The European Banking Authority (EBA) issued today an Opinion addressed to National Supervisory Authorities (NSAs) on Good Practices for the Risk Management of Exchange Traded Funds (ETFs). ETFs are generally securities that track a commodity, an index, or a basket of assets like an index fund, but trade like a stock on an exchange and therefore experience price changes throughout the day.
This report is designed to outline a high level description of Good Practices with respect to the management of key risks that credit institutions encounter through their ETF business units, or when dealing with ETFs. Good Practices attempt to ensure that potential risks associated with ETFs are managed adequately from the perspective of the credit institution – and indirectly from the perspective of its customers.
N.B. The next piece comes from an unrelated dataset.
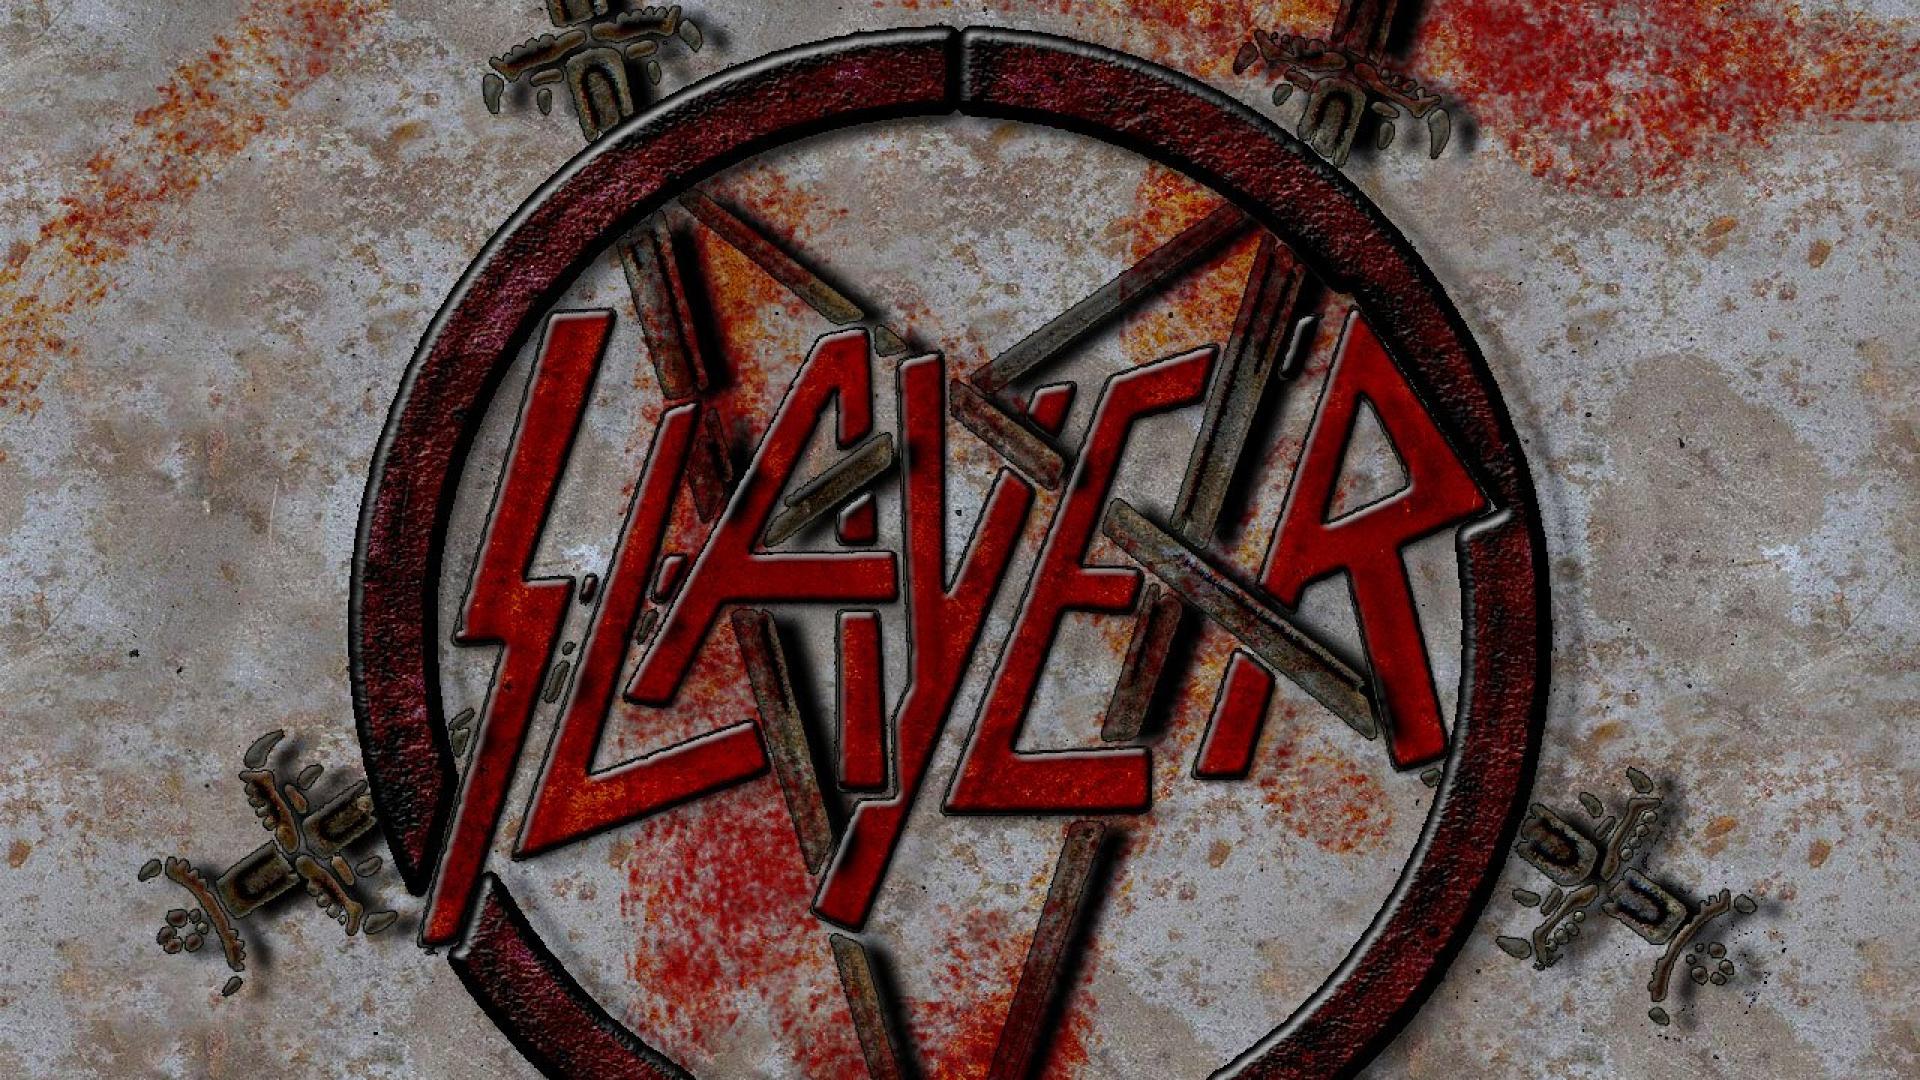 Slayer wallpaper 1280x960 HQ WALLPAPER   42495

More specifically, the Good Practices intend to bring some guidance to the evaluation of risk that might emerge at bank level through their operational relationships with ETFs. These Good Practices do not focus on risk management on fund level or on direct aspects of consumer protection.
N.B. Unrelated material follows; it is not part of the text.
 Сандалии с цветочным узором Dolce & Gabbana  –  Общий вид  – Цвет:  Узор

The actual mode of implementation of the Good Practices will depend heavily on the very specific setting and characteristics of the institutions concerned, including the level of their involvement in the ETF business and the relevance of those activities. While some Good Practices may already be applied, for some market participants even stronger standards may be appropriate.
The Good Practices attempt to ensure that potential risks associated with ETFs are managed adequately from the perspective of the credit institution – and indirectly from the perspective of its customers. They will ultimately contribute to the convergence of supervisory culture and practices in the EU.
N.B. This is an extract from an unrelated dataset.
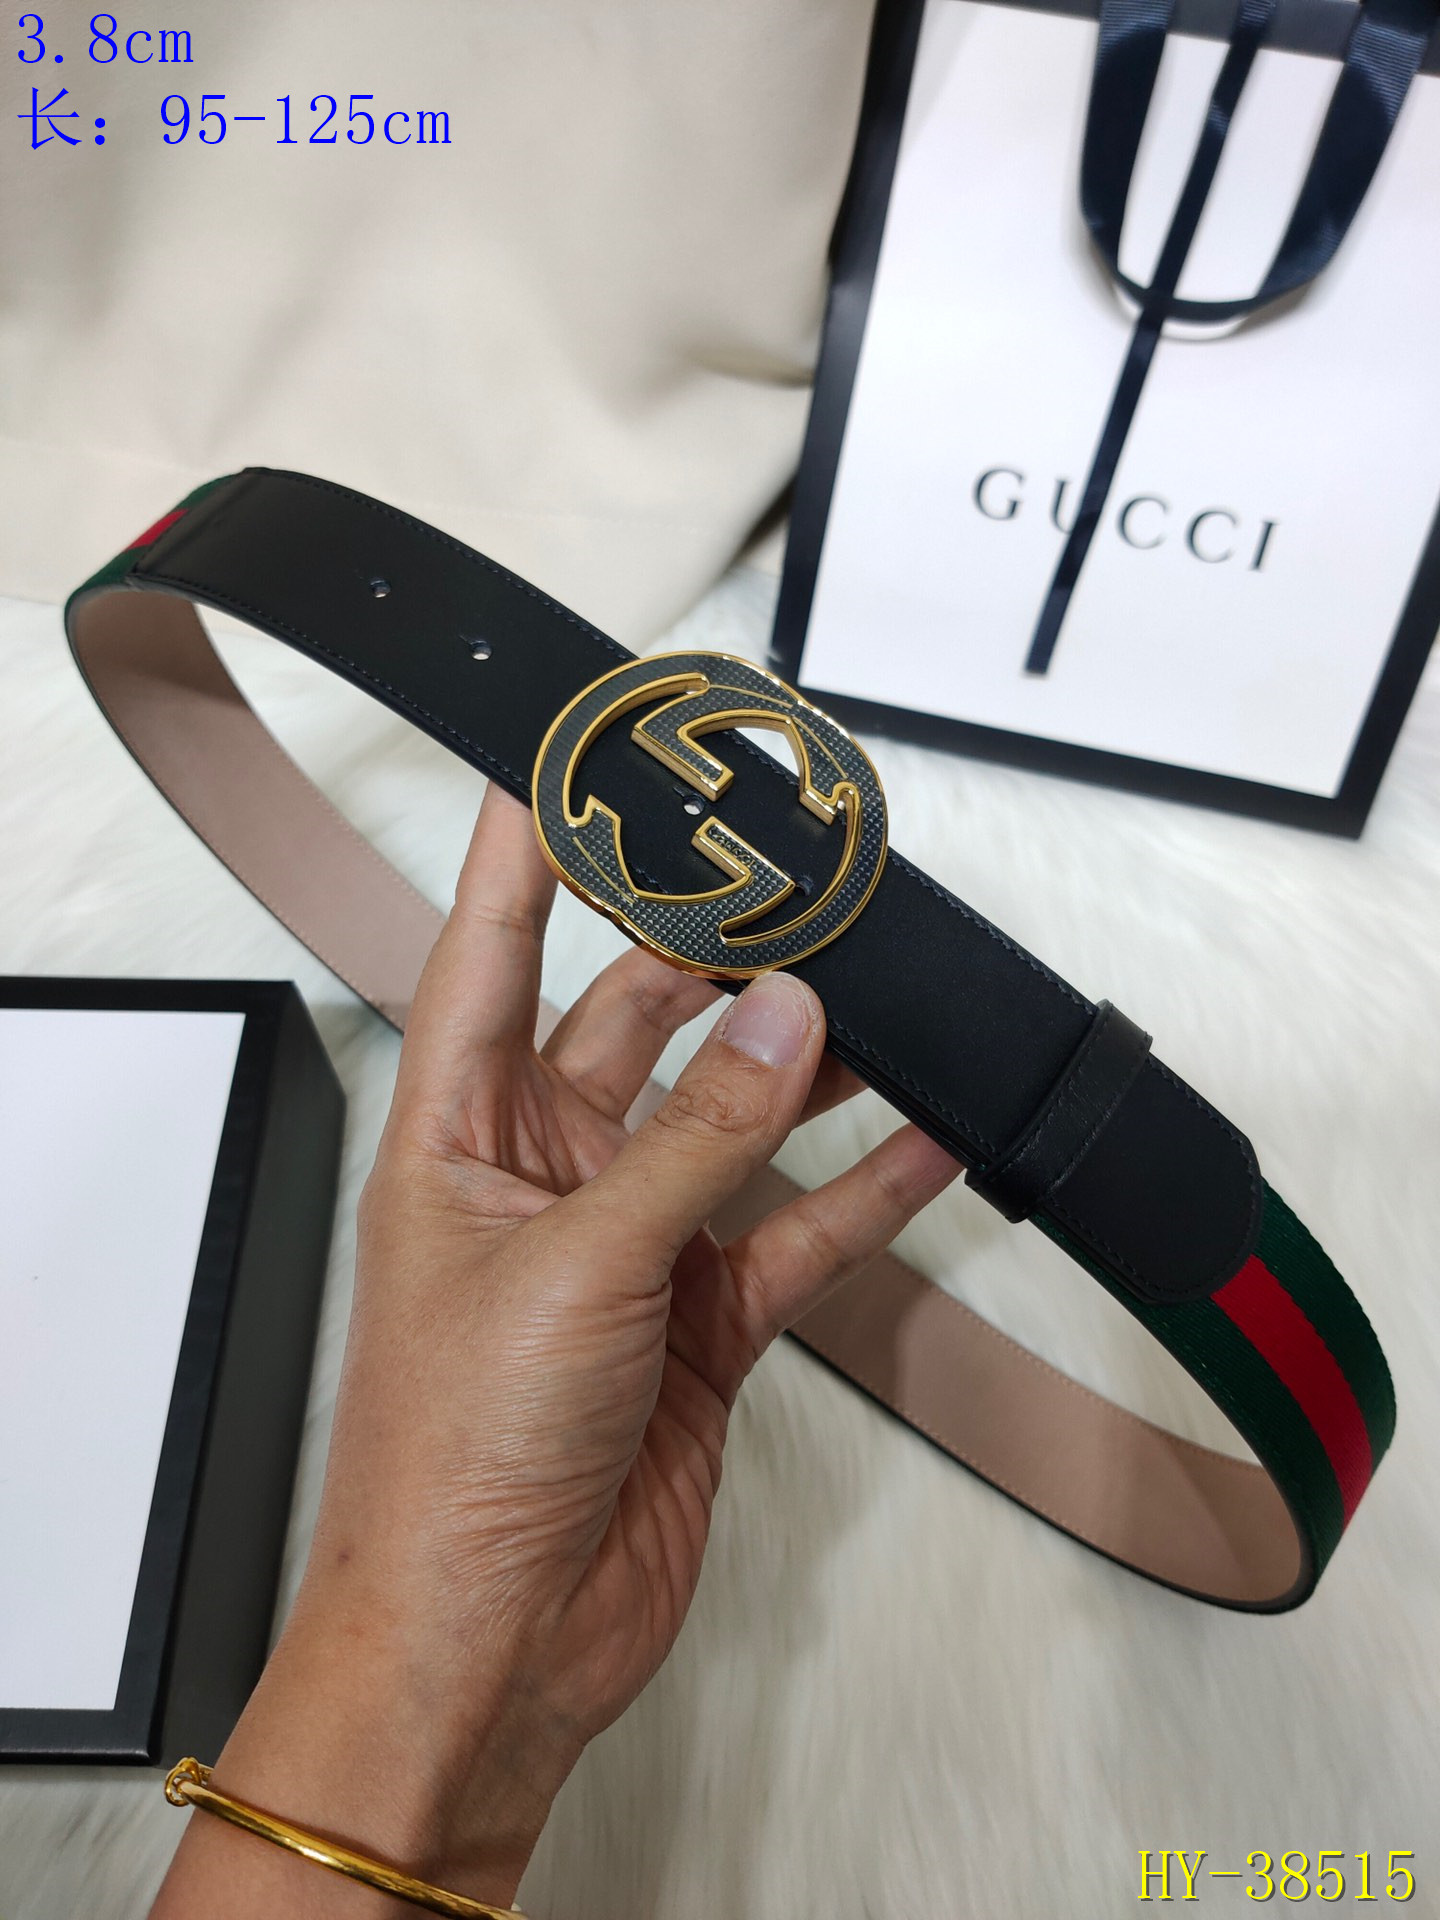 Cheap 2020 Cheap Gucci 3.8 cm Width Belts # 217709,$45 [FB217709 ...

The Good Practices include a list of relevant questions to assist NSAs in gaining an accurate picture of banks’ involvement in the ETF business, and the adequacy of banks’ management of associated risks such as liquidity and market risks.
The Good Practices are adopted as an EBA Opinion under Article 29(2) and are, therefore, not legally binding. Their implementation will depend on the specific characteristics of the credit institutions concerned as well as on their involvement in ETF operations.